I'm almost sure the thieves are not italians, 99% of the thieves here are people who can "disappear" on a neighbouring country by boat, or usually gipsies (Rome has a huge gipsy community).


----------



## RobZero (Dec 21, 2011)

FrancescoFiligoi said:


> Yep that one.
> 
> I'm almost sure the thieves are not italians, 99% of the thieves here are people who can "disappear" on a neighbouring country by boat, or usually gipsies (Rome has a huge gipsy community).



yep, probably. 
I'll try to help monitoring the biggest italian sites for gear sale...


----------



## drmosh (Dec 21, 2011)

Well fuck that 
I'll keep an eye out on german sites and forums.

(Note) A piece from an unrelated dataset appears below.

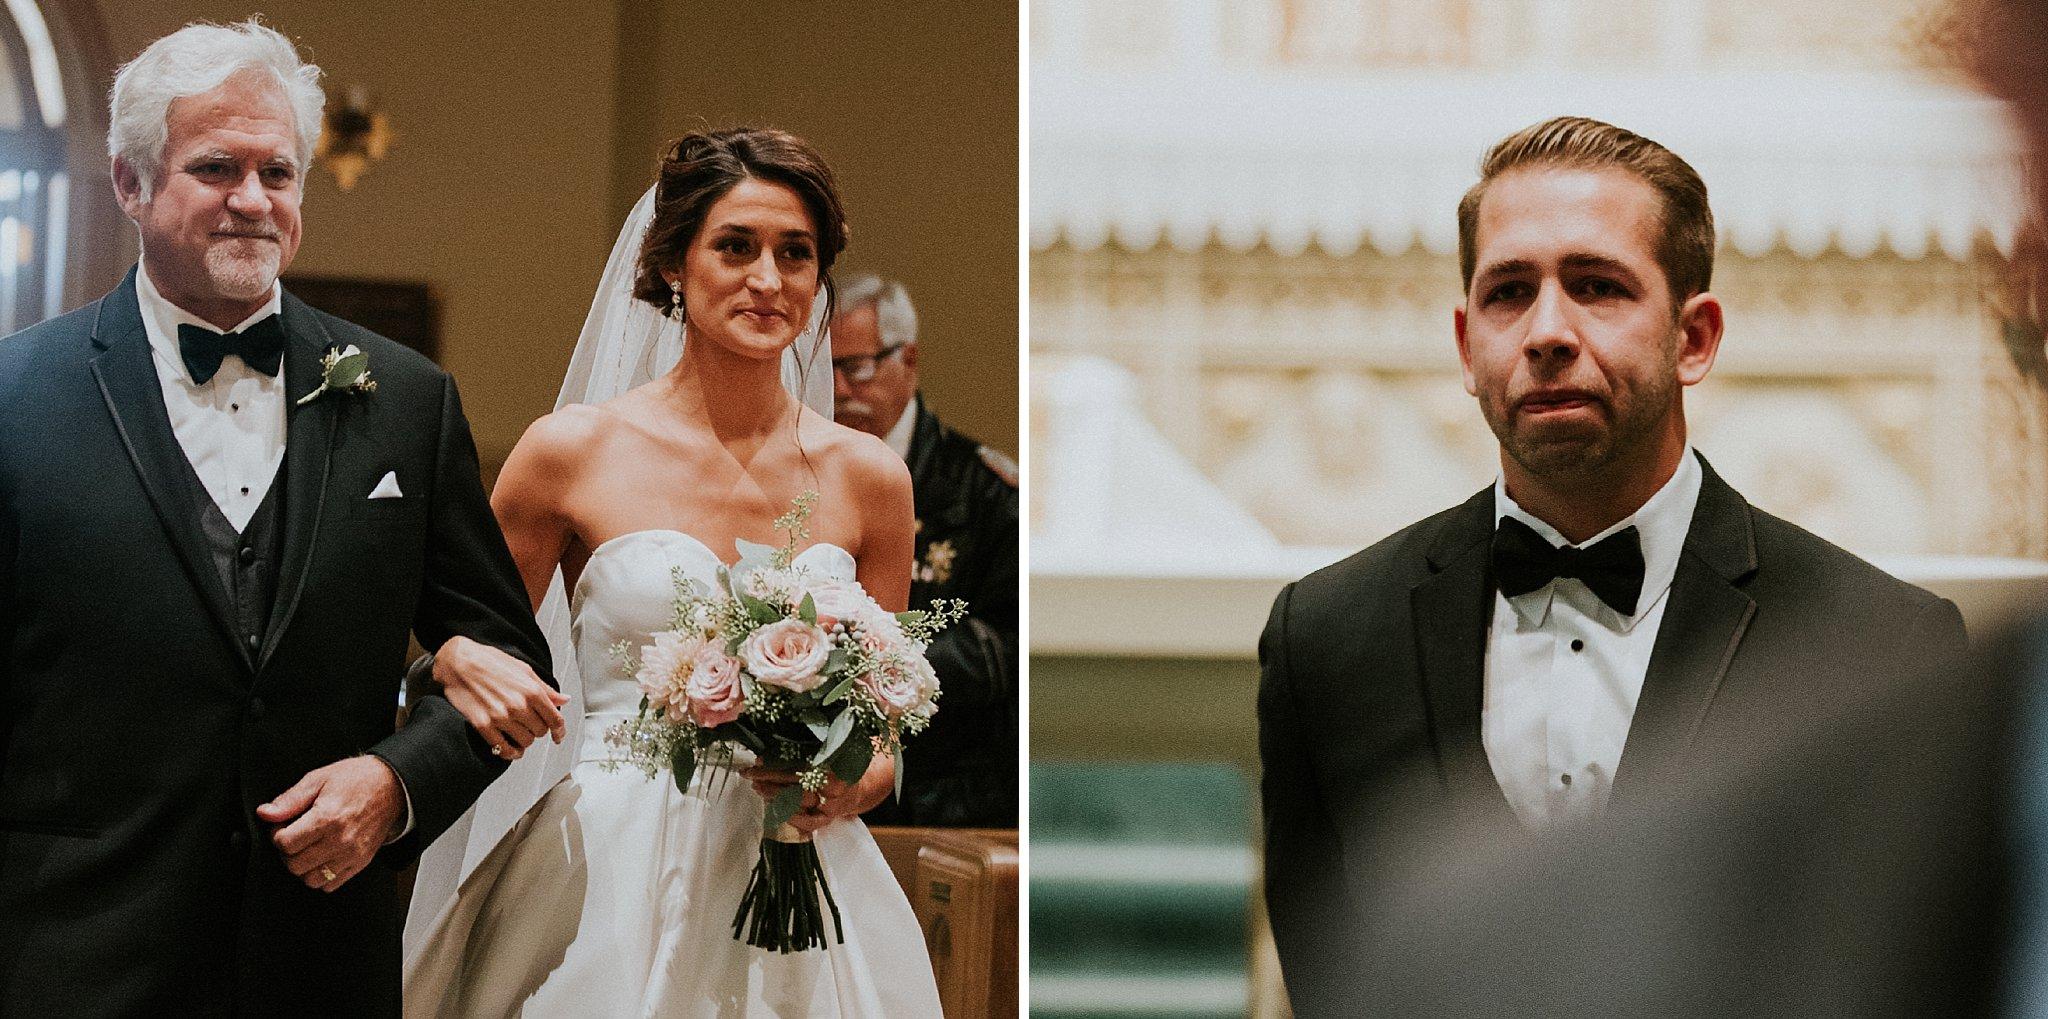 Matt-Lauren_St-Marys_Hilton-City-Center-Milwaukee-Wedding_liller-photo_0016.jpg

best of luck in finding the stuff


----------



## oremus91 (Dec 21, 2011)

Damn, Santa must have had one hell of a sack to haul all that loot away. I'm really sorry to hear that.

EDIT: Holy hell Guthrie posts here?!


----------



## Creech (Dec 21, 2011)

I've heard of the same shit happening here in the states. I had a friend's band have EVERYTHING taken from their van outside of Churchill's here in South Florida. I've heard it happen in Philly, NYC, Boston, Chicago, LA...just about anywhere. 

I think the lesson for all of us to learn is to not allow our gear in the car/van/trailor/bus out of anyone's site for more than 15 minutes. It sucks because that means someone needs to be with the car, but it's better to be bored and ready to play the next gig than to enjoy a nice lunch and lose all your shit. 

Last time I needed to leave our stuff in a car for a prolonged period of time, I parked in the corner of a garage making the only way into the van through the drivers side door, and covered the windows. Better safe than sorry.

It's upsetting to hear this, I hope you guys can find your stuff, or at the very least, get another rig together so you can finish your tour....and also...I'm digging the Aristocrats album, come on down to Miami, we'd love to see you guys.


----------



## JamesM (Dec 21, 2011)

FrancescoFiligoi said:


> Yep that one.
> 
> I'm almost sure the thieves are not italians, 99% of the thieves here are people who can "disappear" on a neighbouring country by boat, or usually gipsies (Rome has a huge gipsy community).



Fuckin gypsies...


----------



## Stealthdjentstic (Dec 21, 2011)

Guys learn to read.

OP is not Guthrie Govan.


----------



## Skyblue (Dec 21, 2011)

Just saw this in fb, this freakin' sucks :\ 
Not much I can do as I'm not really close to Italy, but I hope the stuff will be found anyway!


----------



## Richie666 (Dec 21, 2011)

This happened to Pelican in Rome a few years back as well. 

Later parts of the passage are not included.